Orange County Fire Authority Capt. Steve Concialdi said Wednesday that the results confirm a suspicion investigators have had for years: that titanium alloy clubs were the cause of at least two blazes on area golf courses, including one that burned 25 acres at Irvine's Shady Canyon in 2010. A second fire, sparked at Arroyo Trabuco Golf Club in Mission Viejo, burned close to homes.
"The common denominator was each golfer used a titanium club, and hit the ball %5Bfrom%5D just out of bounds next to dry vegetation, where the ground was extremely rocky," he said.
Investigators who were "laughed at" when they first floated the golf club theory have been vindicated, according to Concialdi.
Scientists painstakingly re-created in the lab the course conditions on the days of the fires.

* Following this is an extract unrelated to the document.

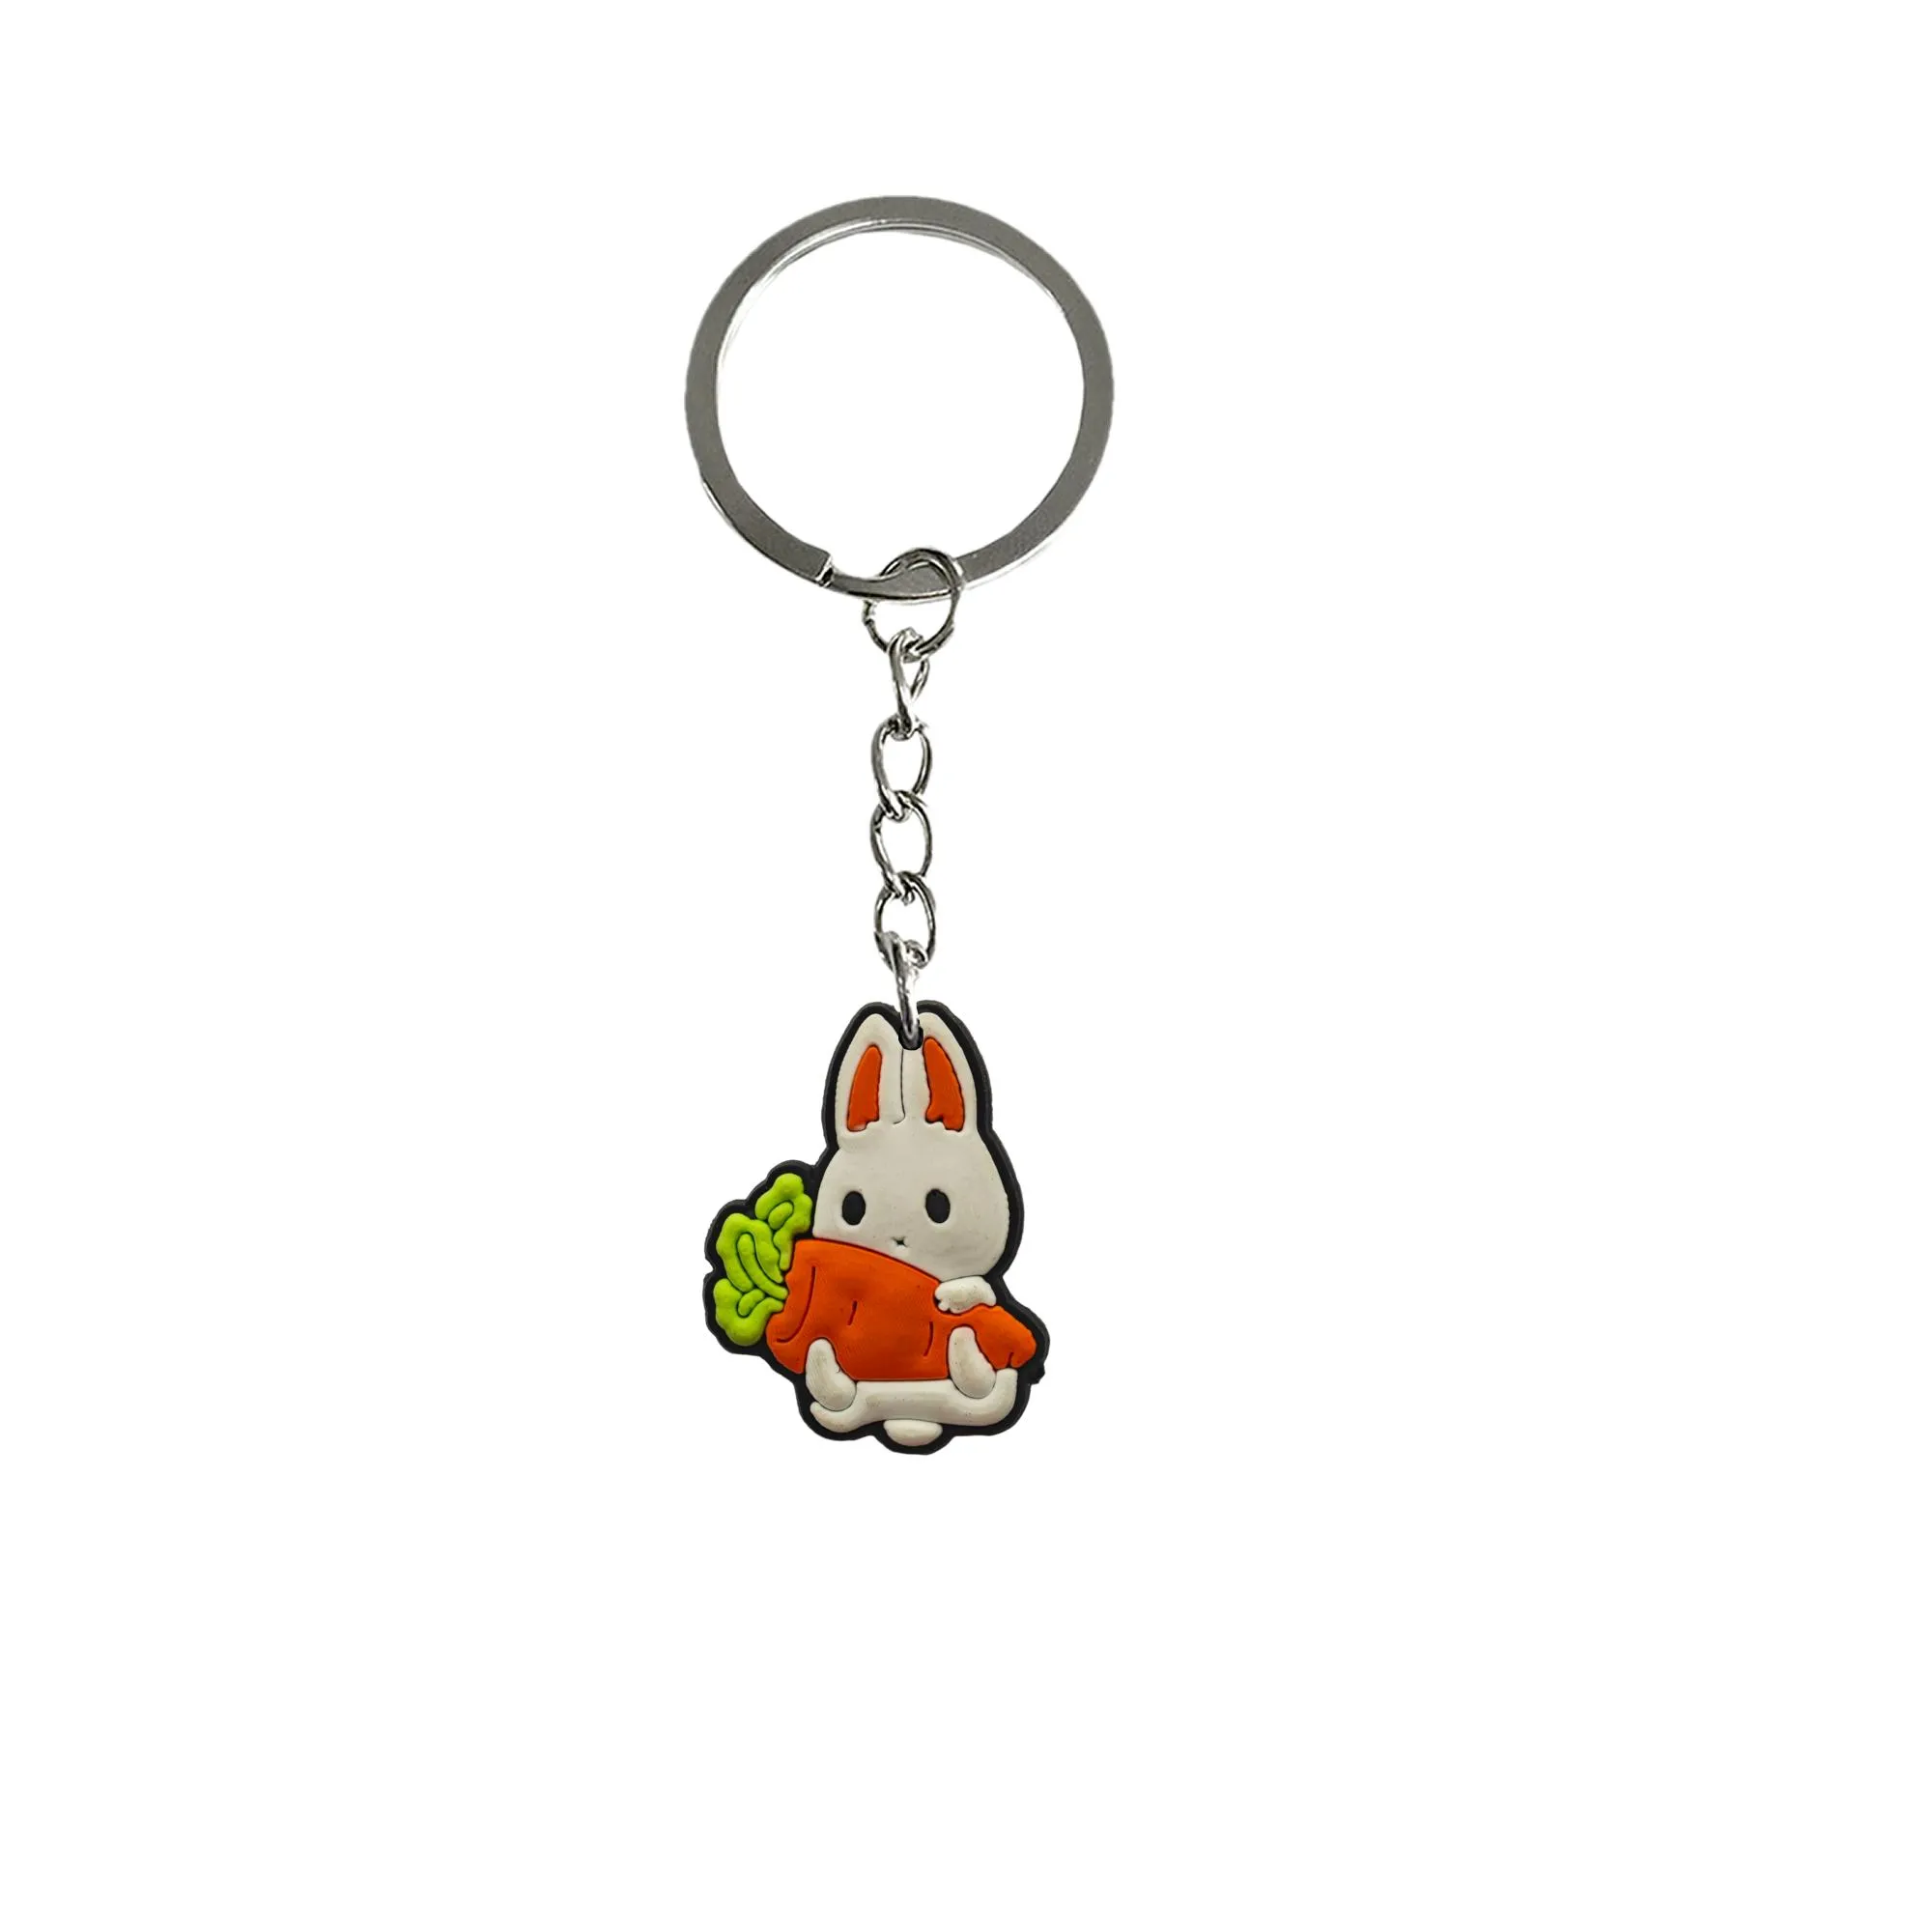 white rabbit keychain keychains for childrens party favors key rings cool colorful anime character with wristlet keyring suitable schoolbag cute silicone chain adult gift backpacks

Using high-speed cameras and electron microscopes, they found that if hit upon a rock, clubs containing titanium can produce sparks of up to 3,000 degrees that will burn for more than a second, said James Earthman, a chemical engineering and materials science professor and an author of the study.
"And that gives the spark plenty of time" to ignite nearby foliage, he said. "Titanium reacts violently with both oxygen and nitrogen in the air."
In contrast, when standard stainless steel clubs were used, there was no reaction.
Most golf clubs have steel heads but many manufacturers also make ones with a titanium alloy component in the head. Such alloys are 40 percent lighter, which can make the club easier to swing, researchers said.
Concialdi said the Fire Authority is giving golfers using titanium clubs permission to break the rules and "improve their lie" -- that is, to move their ball away from rocks and dry vegetation.
"If they need to take a penalty, take a penalty," he said.